Tools reference
The server exposes three kinds of tool: read-only data, read-only scans, and operation requests that require human approval, plus a couple of polling helpers. Data and scan tools mirror exactly what the corresponding tab shows.
Read-only data
| Tool | Returns |
|---|---|
get_system_metrics | CPU, memory, disk and uptime snapshot for the machine |
list_processes | The live process list (as on the Processes tab) |
get_process | Full detail for one process by PID |
list_connections | Every network connection (as on All Connections) |
Read-only scans
Each mirrors the matching tab. They run the same collectors and return structured results.
| Tool | Mirrors |
|---|---|
scan_threats | Threats |
scan_disk_cleanup | Disk Cleanup |
scan_appdata | App Data |
scan_registry | Registry › Issues |
scan_broken_links | Broken Links |
Operation requests (human-in-the-loop)
These never act on their own. Each enqueues an approval request, raises a
system-tray notification, and returns {"status": "pending", "request_id": …}.
See Human-in-the-loop.
| Tool | Requests |
|---|---|
request_kill_process | Terminating a process by PID |
request_disk_cleanup | Clearing a disk-cleanup location |
request_registry_cleanup | Removing a flagged registry entry |
request_link_cleanup | Deleting a broken shortcut |
Mocked execution
When approved, operations currently run as a no-op that records what they would have done.
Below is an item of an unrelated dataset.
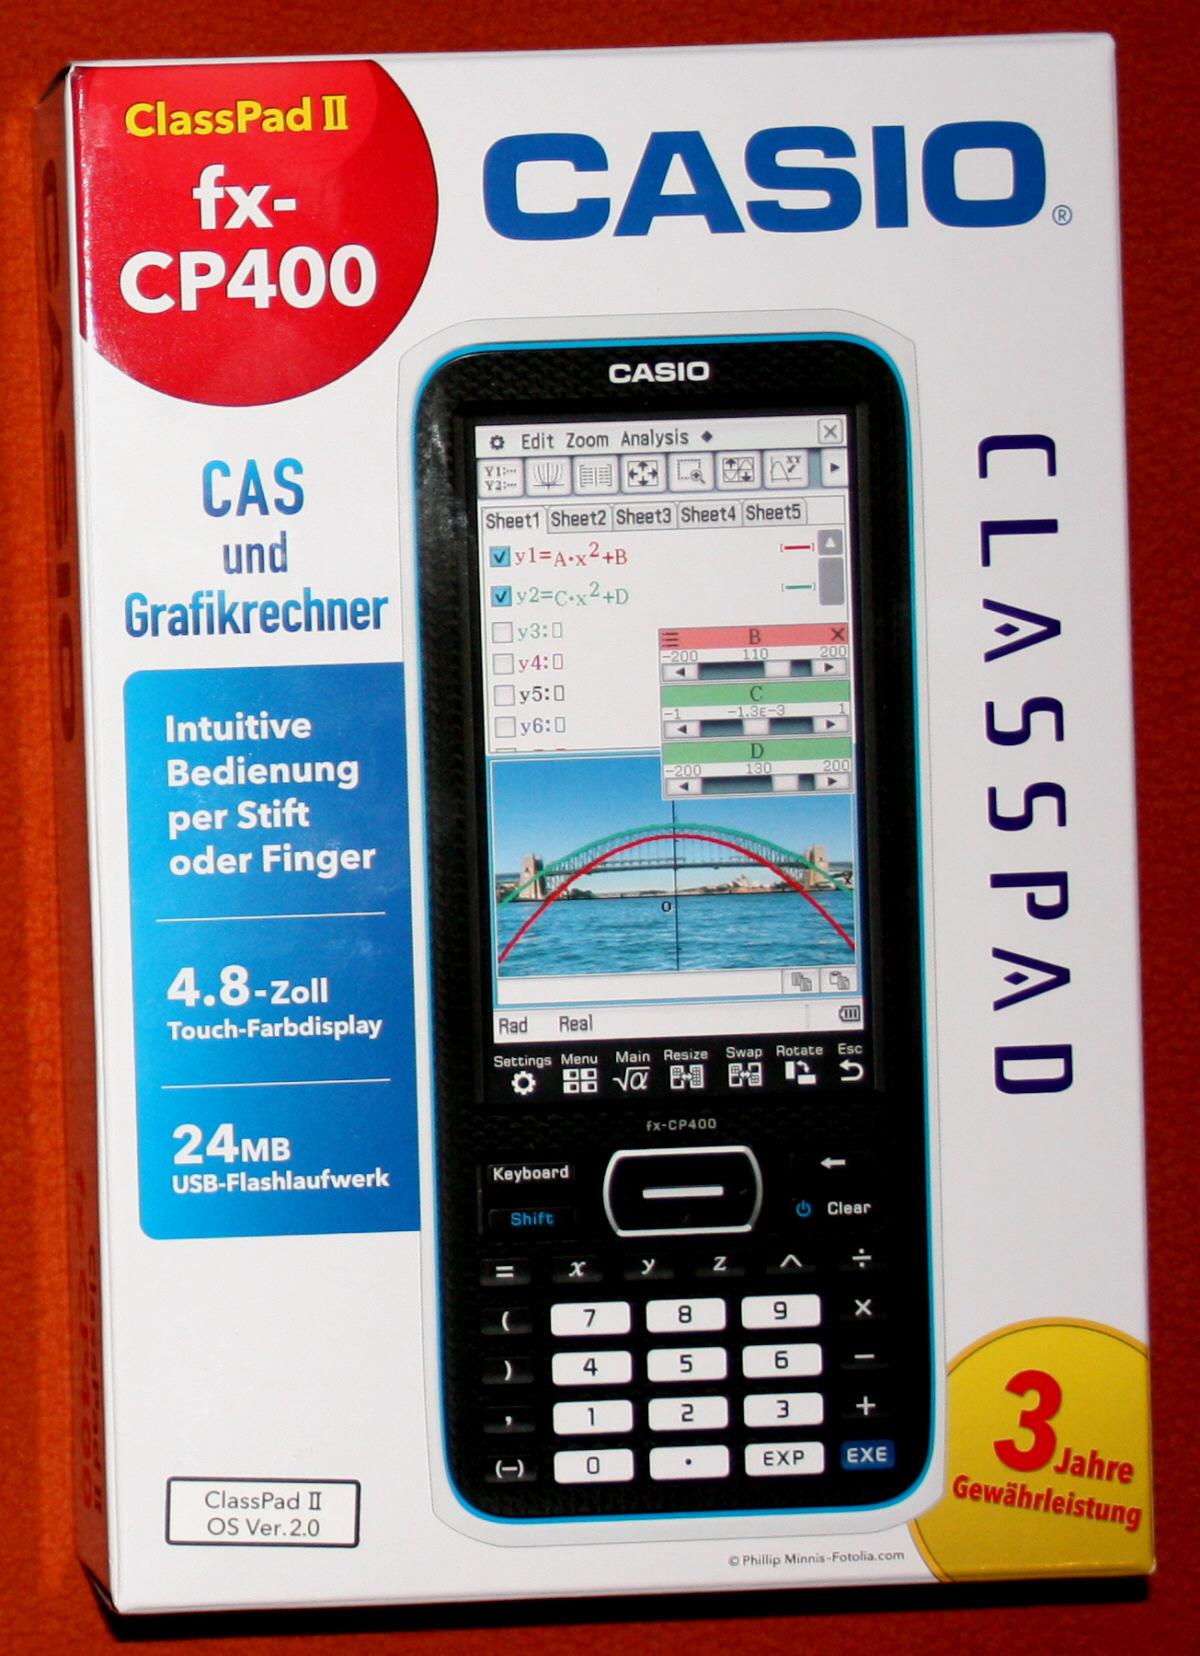 casio classpad ii fx cp 400 grafikf higer taschenrechner. Black Bedroom Furniture Sets. Home Design Ideas

The approval workflow is fully real; only the final effect is mocked.
Polling
| Tool | Purpose |
|---|---|
get_operation_status | Poll the outcome of a request_* by request_id |
list_pending_operations | List approval requests still awaiting a human decision |
Typical agent flow
- Call a data/scan tool to understand the system.
- Decide on an action and call the matching
request_*tool. - Receive
{"status": "pending", "request_id": …}. - Poll
get_operation_statusuntil the human approves or denies it in the app.